Code Design: Our code improvements weren’t limited to production code. We focused equally on writing clear, maintainable, and well-structured test code. Well-named fixtures and helper functions made tests easier to write and understand. We embraced "squint tests"—tests that are readable even when slightly blurred, emphasizing structure and purpose. ESLint was used to guide design by highlighting deep nesting, long methods, and high cyclomatic complexity. We started with lenient thresholds and gradually tightened them as the team matured.

Support from the Organization: None of this would have been possible without strong support from the organization. XP practices like Pair Programming were not only accepted—they were embedded in the career growth path for developers. While some practices needed a push at first, developers were more willing to embrace them knowing these expectations were supported at all levels. This organizational alignment gave the team the psychological safety and motivation needed to step out of their comfort zones and evolve.

8 Conclusion

At the heart of this transformation lies a simple philosophy: teach them how to fish, not just give them a fish. Sustainable improvement doesn’t come from enforcing rigid processes—it comes from enabling teams to see problems clearly and equipping them with feedback loops to guide their own evolution.

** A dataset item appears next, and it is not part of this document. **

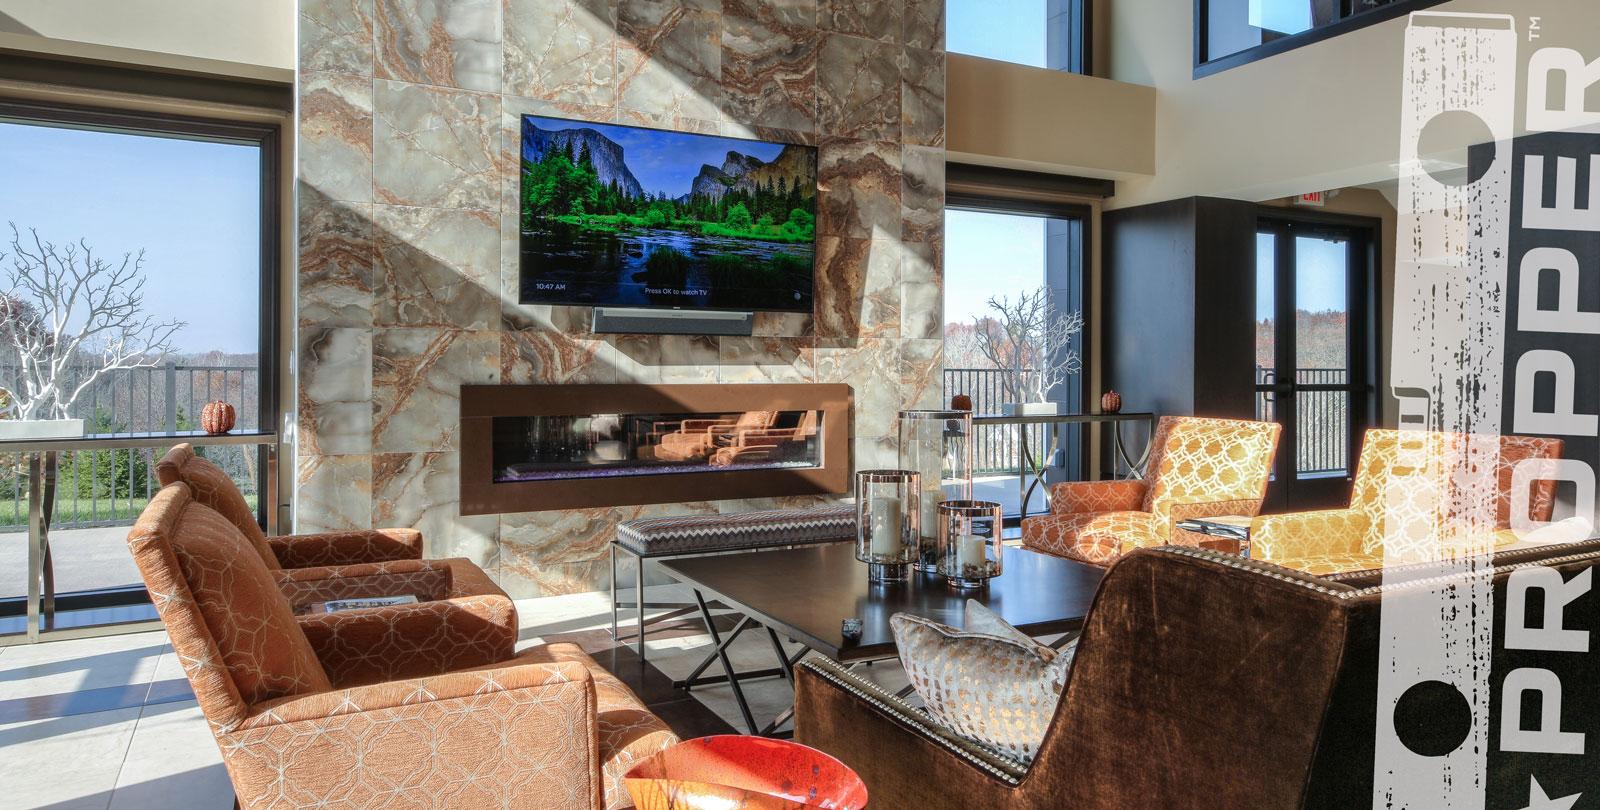 Ultra-luxury apartments - On schedule. Under budget.

There is no silver bullet. Every team is unique and must discover its own path to better practices. Our role was to help this team notice the friction, understand the cost of inaction, and recognize how seemingly small changes—like better tests, tighter feedback loops, and cross-functional collaboration—can lead to lasting results.

It's a lot like the frog-in-boiling-water analogy: if you don't notice the temperature rising, you'll stay stuck until it's too late. This case study is about learning to notice early, respond thoughtfully, and grow together—one improvement at a time.